▶ _Exercise brief_
Everything in the listing below must be reproduced exactly, apart from its images.

▶ _Recorded data_
☆ ☆ ☆

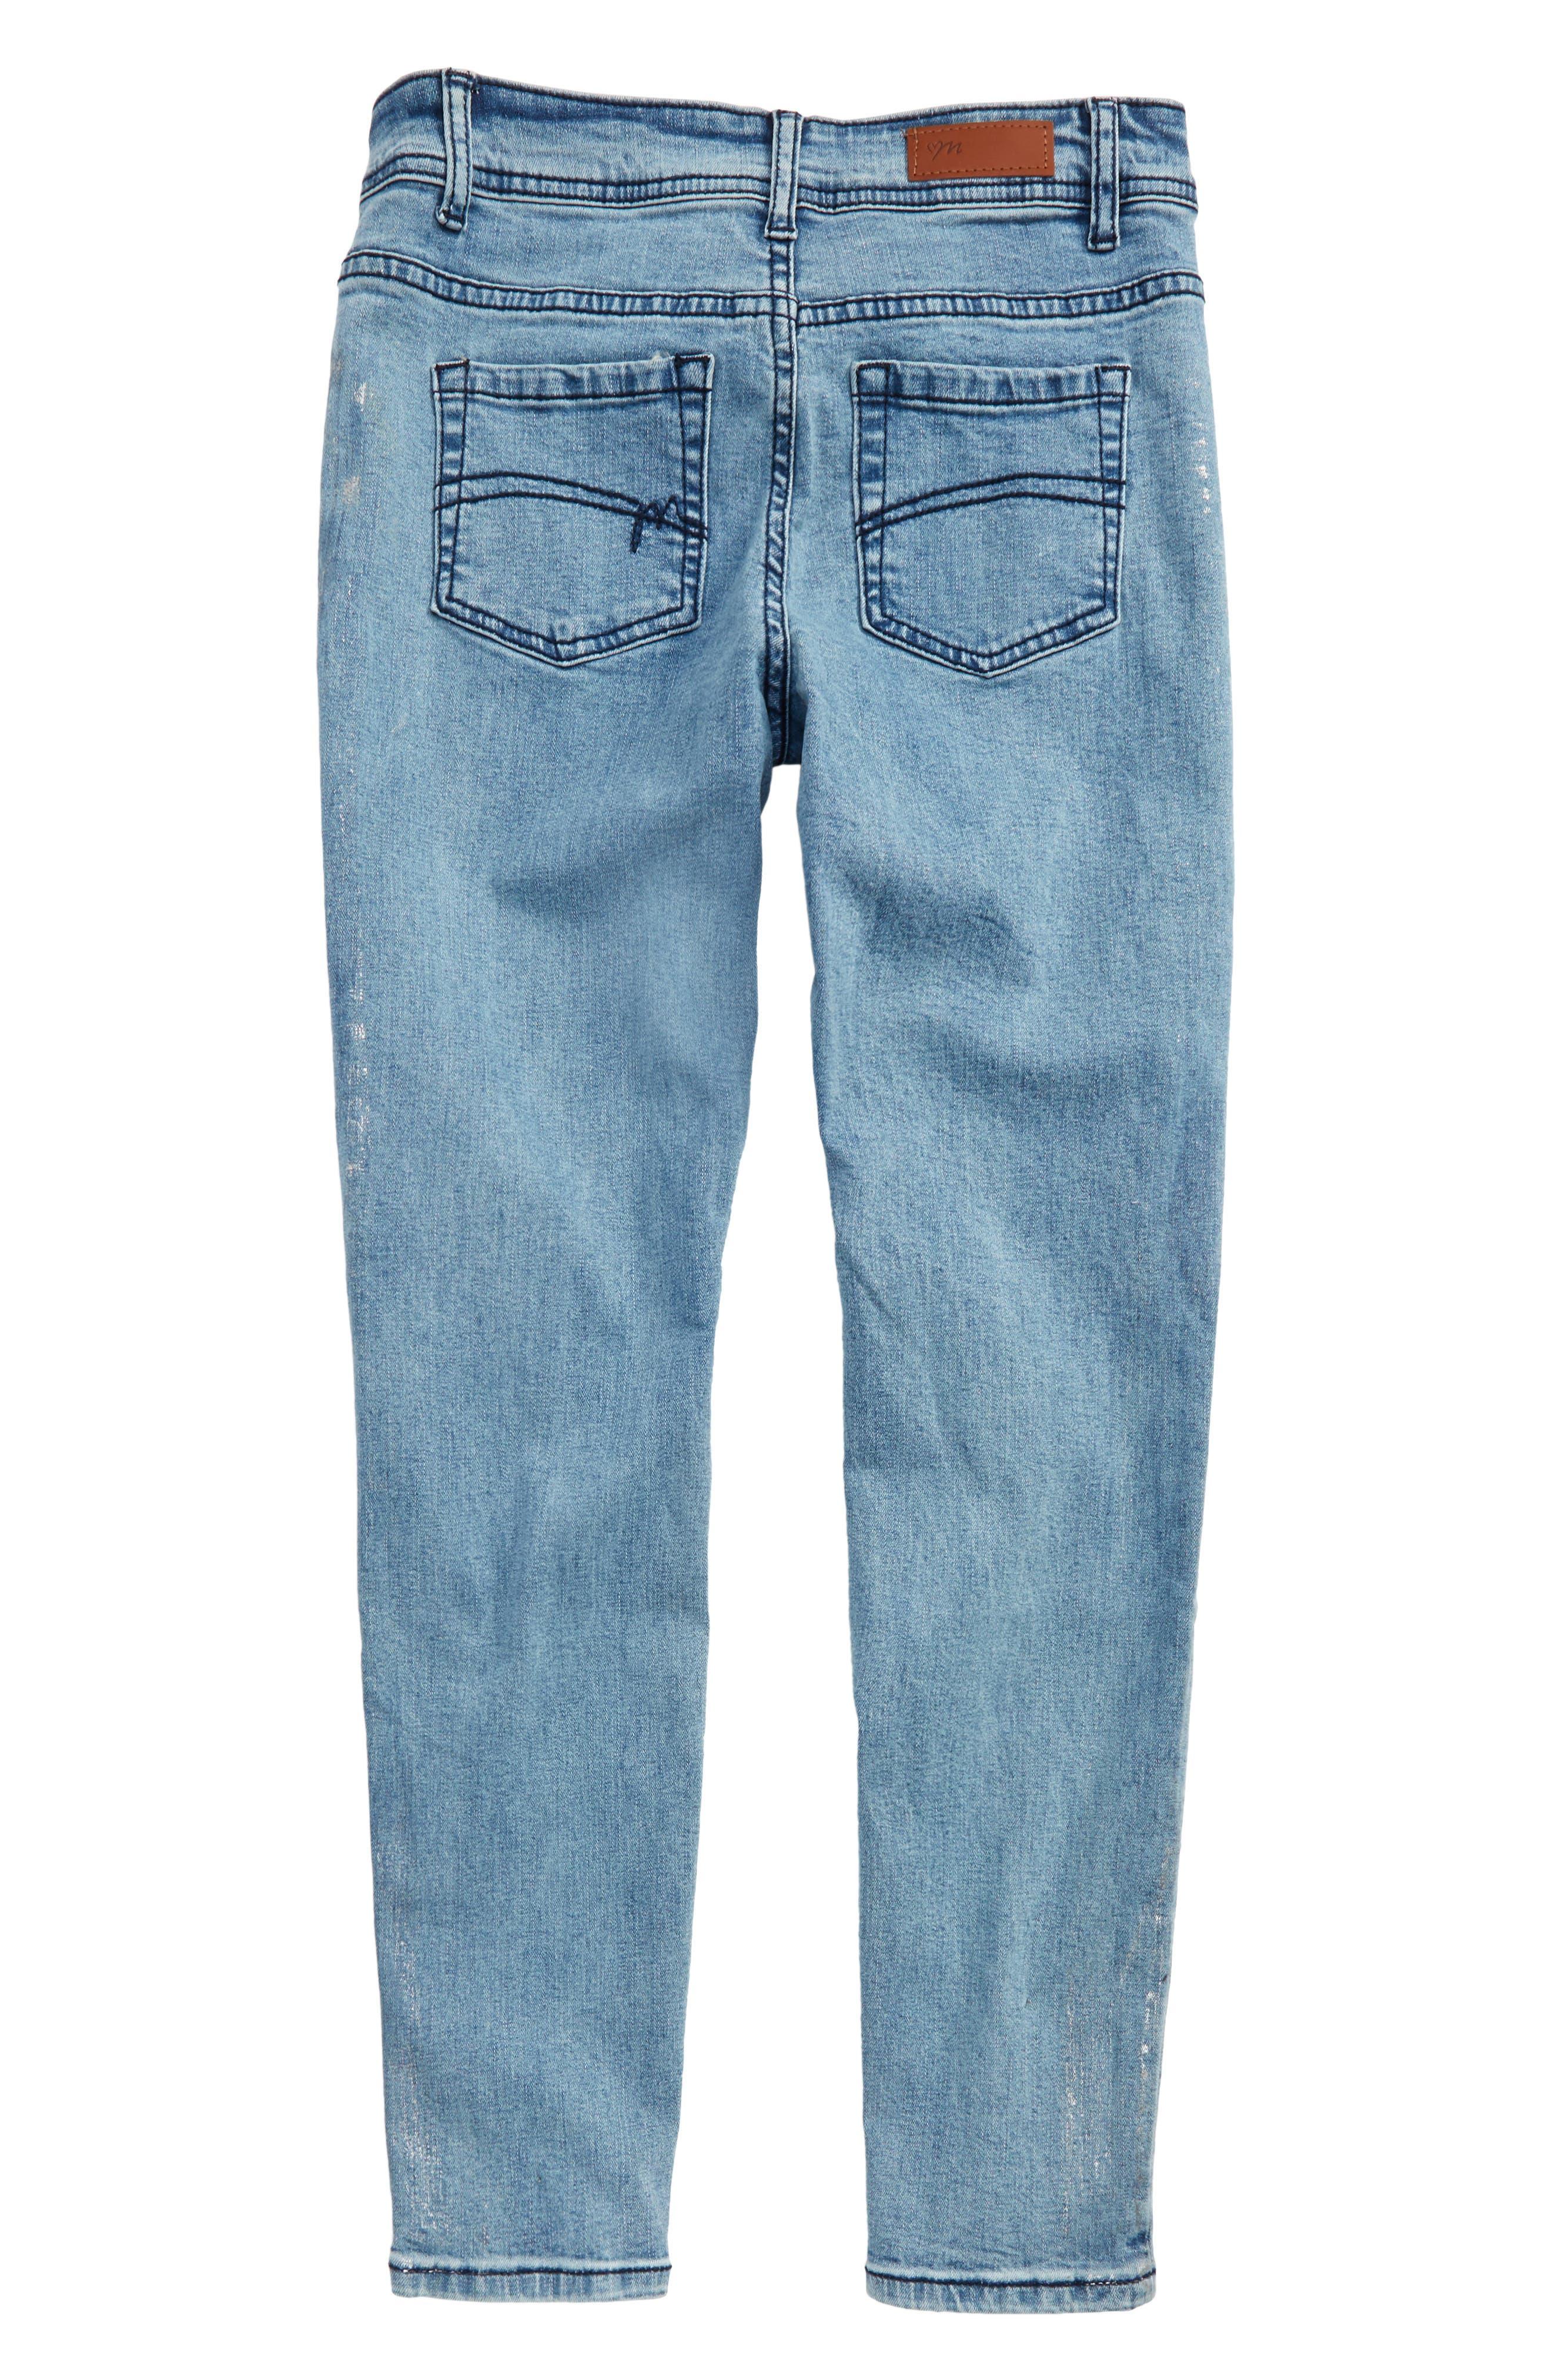 Distressed Skinny Jeans,                             Alternate thumbnail 2, color,                             Denim
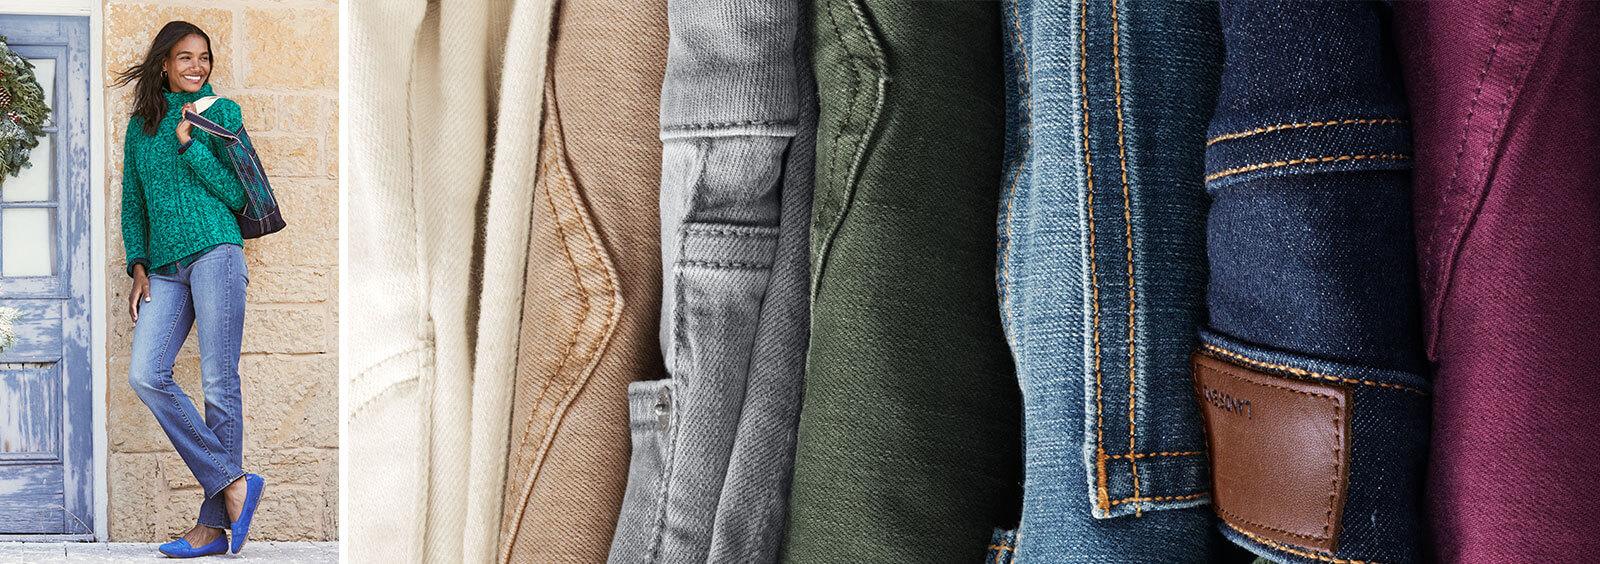 How to Make Jeans More Formal | Lands' End
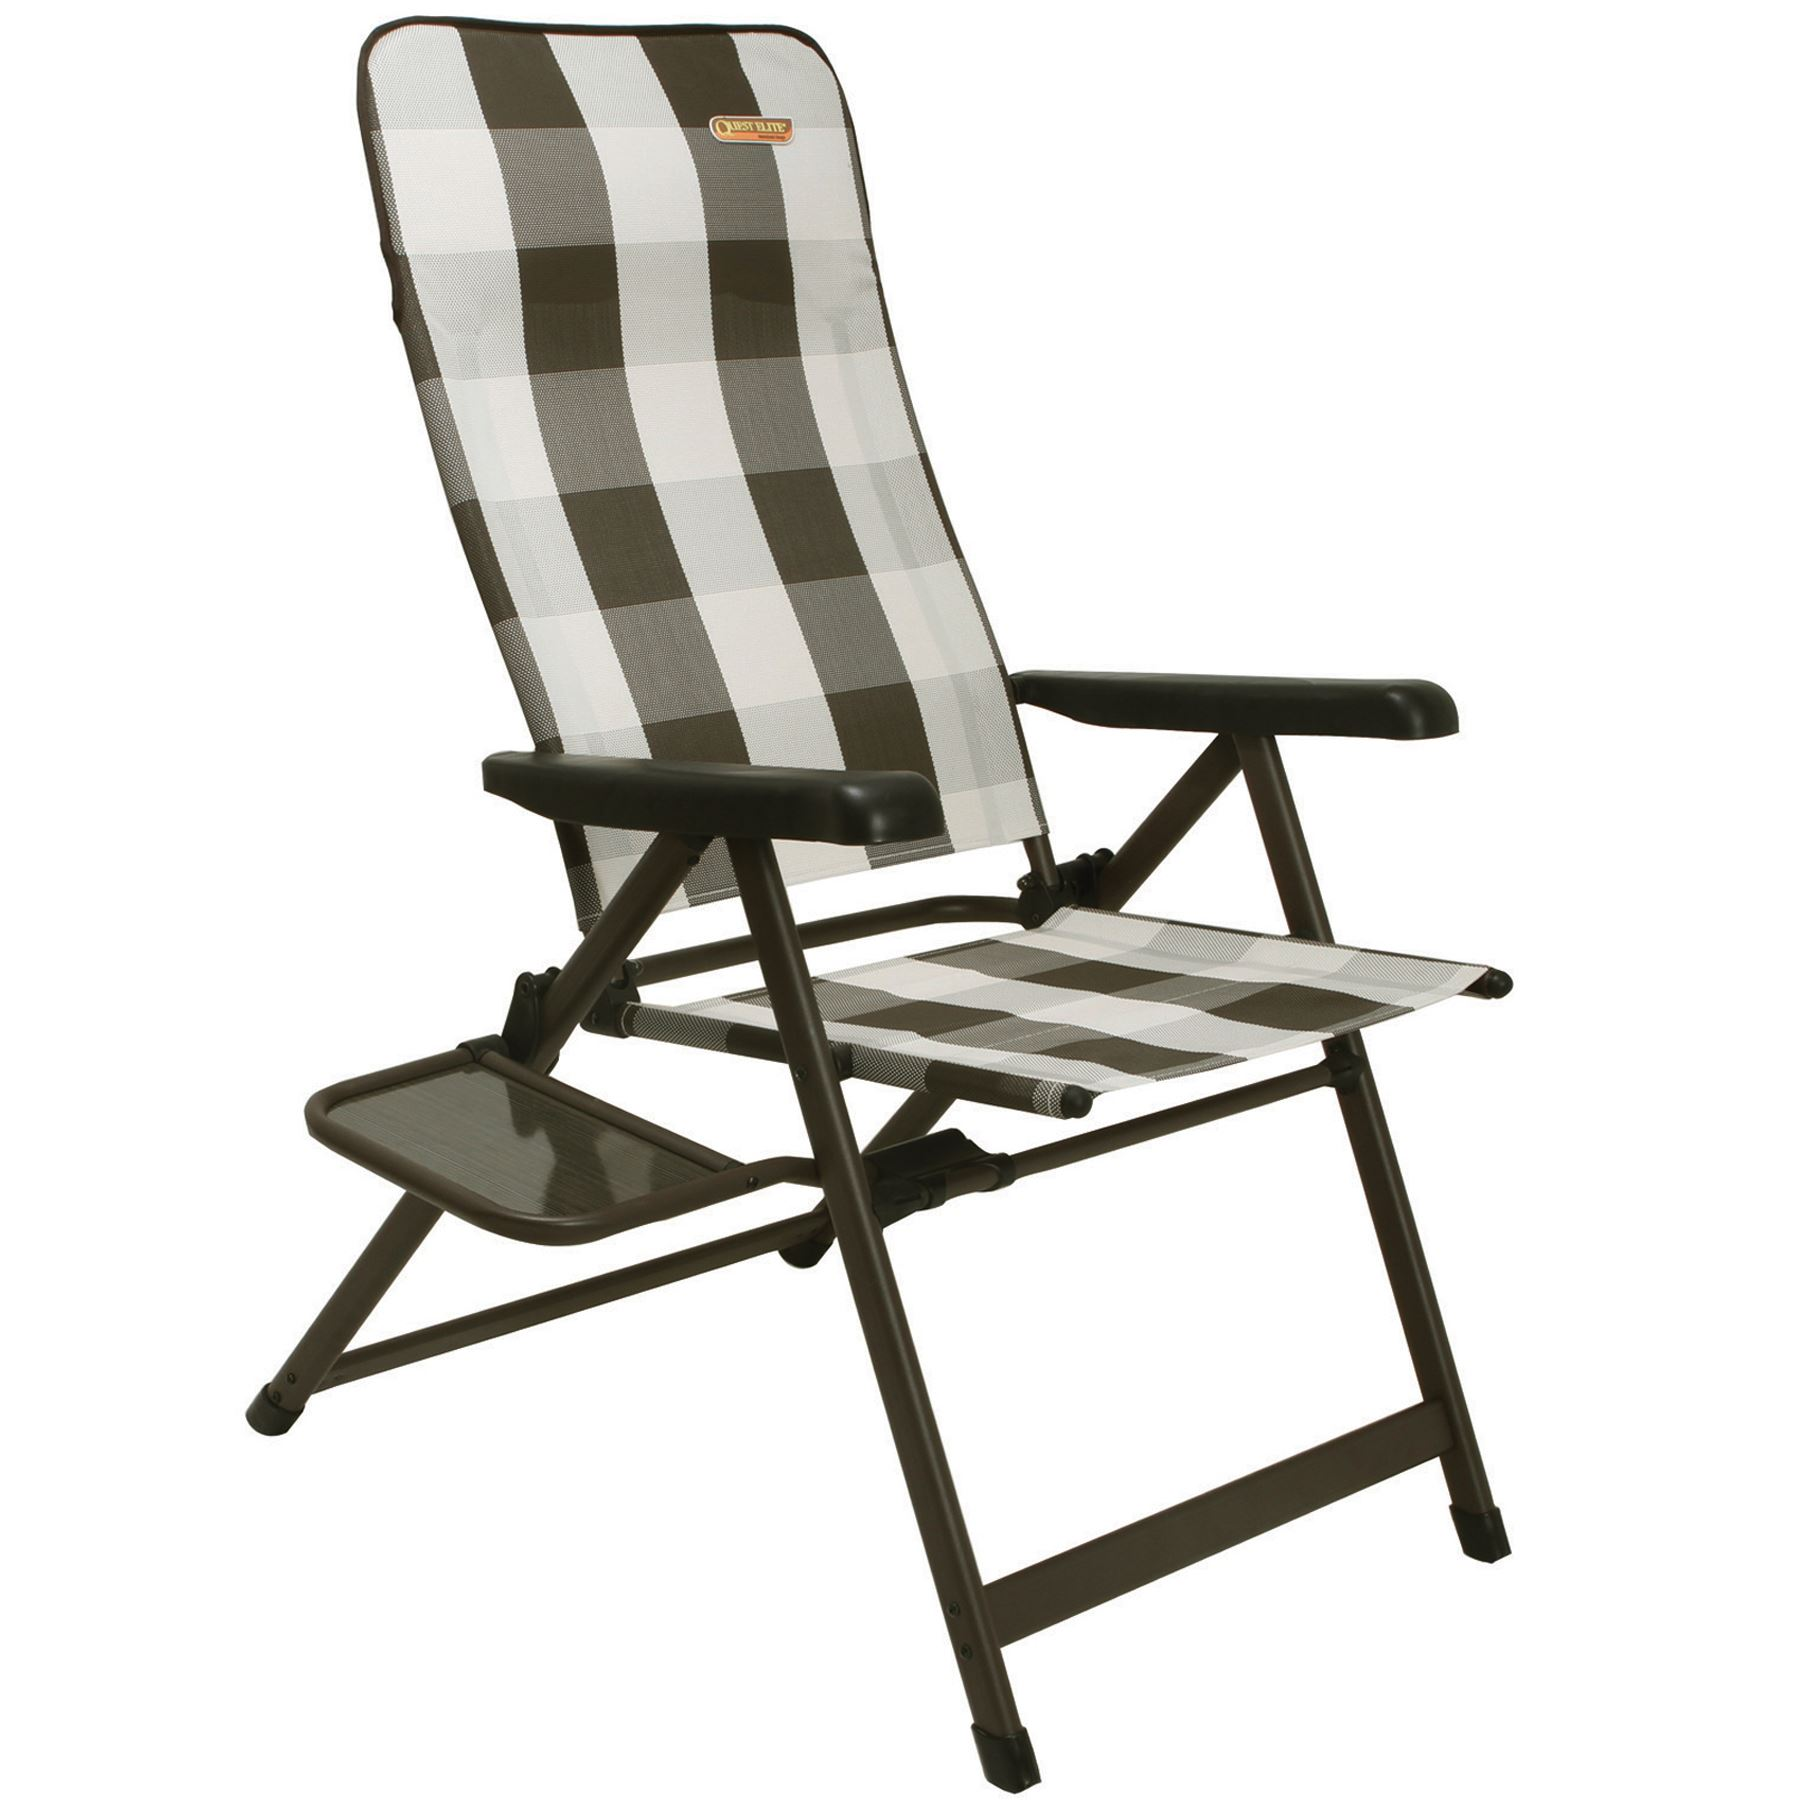 Quest Marrakesh Premium XL Chair Side Table Recliner Aluminium

☆ ☆ ☆

▶ _Task answer_
 Distressed Skinny Jeans,                             Alternate thumbnail 2, color,                             Denim
 How to Make Jeans More Formal | Lands' End
 Quest Marrakesh Premium XL Chair Side Table Recliner Aluminium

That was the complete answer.